(Jewish Telegraphic Agency)
A heated debate marked yesterday’s session of the Council of the League of Nations when it came to consider the report of the Permanent Mandates Commission of the League of Nations on the situation in Palestine.
Charges of overstepping its authority were formulated against the Commission and counter charges were made by the representative of the Commission that the limitations imposed and asked by the representatives of France and England might render the work of the Commission ineffective.
The controversy centered around the question of the proposal of the Commission that inhabitants of mandated territories may be allowed to submit their complaints against the mandatory governments not only through written petitions, but also by word of mouth.
Sir Austin Chamberlain, British Foreign Secretary, and Aristide Briand, French Foreign Minister, describing the effect which such a decision might have on the situation in Syria and Palestine, angrily accused the Permanent Mandates Commission of exceeding its powers. The Permanent Mandates Commission probably assumes that the mandated territories are governed by the Commission instead of by the mandatory powers, the Council members charged. The Commission is putting questions to the mandatory governments in a newly compiled questionnaire which is outside of the authority of the Commission and shows a desire on the part of the Commission to interfere in the actual business of governing the mandated territories.
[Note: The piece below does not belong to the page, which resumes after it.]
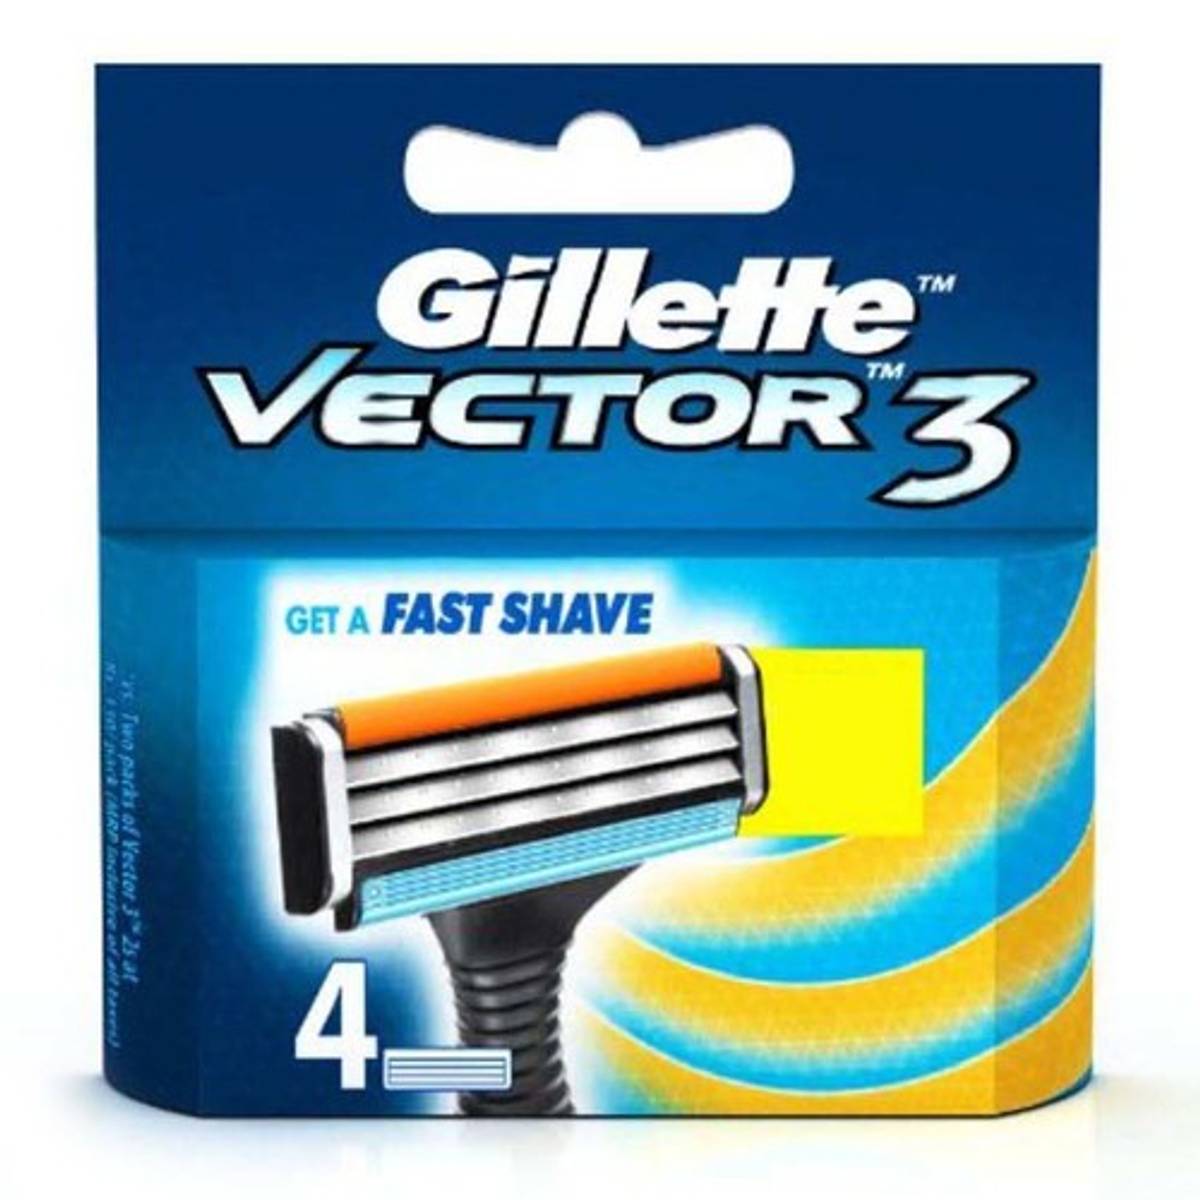 Gillette Vector 3 Razor Blade (4 Refills)

The business of the Commission is only to control and supervise the policy of the mandate powers, they contended.
Sir Austen Chamberlain, Aristide Briand, Count Ishii of Japan, M. Vandervelde of Belgium, insisted that the examination of complaints against the mandatory powers must proceed very cautiously.
An opposite view was held by M. Unden, representative of Sweden, who submitted the report of the Commission to the Council, and M. Van Rees of Holland, vice-chairman of the Permanent Mandates Commission.
They angrily replied to the charges of Briand and Chamberlain, declaring that the Permanent Mandates Commission is within its right. They quoted the League of Nations Covenant, the text of the various mandates and the international treaties, showing that the Commission is justified in its attitude.
Chamberlain and Briand then hastened to pay tribute to the important work of the Permanent Mandates Commission. M. Van Rees, however, refused to be pacified by these statements and declared that such criticism in the Council of the League of Nations may render the work of the Permanent Mandates Commission impossible.
The Council, following this discussion, decided to adjourn the decision on the report of the Permanent Mandates Commission on Palestine for the next session, in order to consider the objections raised by Sir Austen and M. Briand.
At today’s session, the Council accepted a new resolution on M. Unden’s report. The clash between the Permanent Mandates Commission and the Council on the proposal of the Commission concerning the hearing of petitioners was settled by the decision of the Council to ask the Secretary General of the League of Nations to obtain the opinions of the various mandatory powers on the questionaire issue.